Come ho scritto una decina di anni fa ne ‘La fine del mondo storto’ gli uomini non capiranno perché tutto passerà e la vita ricomincerà come prima. Non è un peccato, ma nel mentre approfittiamone per riflettere. Tutti lo stiamo facendo perché siamo di fronte a qualcosa che non ci saremmo mai aspettati di vivere: tutto sembrava andare bene, poi il virus ci ha messo in mano la miseria umana, la nostra fragilità, la nostra friabilità, la nostra inconsistenza e questo deve dirci che non dobbiamo più sprecare il tempo.”

Non solo la salute, anche l’economia sta perdendo…
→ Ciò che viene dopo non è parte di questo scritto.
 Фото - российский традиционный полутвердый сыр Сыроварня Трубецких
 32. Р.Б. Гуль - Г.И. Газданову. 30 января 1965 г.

“Io non vedo così estremo il disastro economico. Per qualche anno dovremo accontentarci di vedercela tra noi, di fare patta. Non dovremo più cercare un profitto, un guadagno. Vivremo senza vincitori e vinti.”

Come immagina la rinascita, il dopo?

“Penso che sarà un periodo di vita umana, di valori. Un periodo in cui faremo meno baruffe, in cui saremo meno puntigliosi. Ci accontenteremo, non servirà che un tonno si tagli con un grissino per essere buono. Sarà un periodo di grande dolcezza, un riavvicinarci alla ricerca di semplicità e naturalità.

Immagino uno spendere tra noi, al negozietto di paese per tenerlo in vita. Vacanze in luoghi vicini a casa per scoprire realtà sconosciute. Quando poi tutto sarà terminato la gente tornerà alle vecchie cose, perché ormai sono parte del DNA di ognuno. Tornerà l’uomo di prima.”

Può essere questa un’occasione per dare nuova vita alle montagne dove, come dice spesso, “non nevica firmato”?

“Assolutamente, la montagna riprenderà i suoi valori di condivisione. Sarà una montagna nuova e allo stesso tempo antica.

Quando la gente non aveva più voglia di fare nulla si appendeva allo skilift, andava in Val Zemola con la macchina, guai a camminare. Ora in molti vorrebbero camminare qui, fare due passi, godere di quella naturalezza che ci è stata vietata.”

Quindi prospetta un ritorno all’essenzialità…

“Vivere è come scolpire, l’ho sempre detto. Togliere per poter apprezzare, siamo arrivati a questo. Togli la libertà di uscire di casa e quando a Milano superi la soglia delle mura domestiche provi una gioia nuova e sconosciuta. Devi privare per apprezzare. Ecco cosa insegna questa bruttissima faccenda, apprezzi quello che prima avevi sotto mano e di cui manco ti accorgevi. Eravamo troppo pasciuti di tutto, troppo frenetici. Oggi il regalo più grande non è poter avere la barca a Montecarlo, ma potersi affacciare alla finestra di casa.”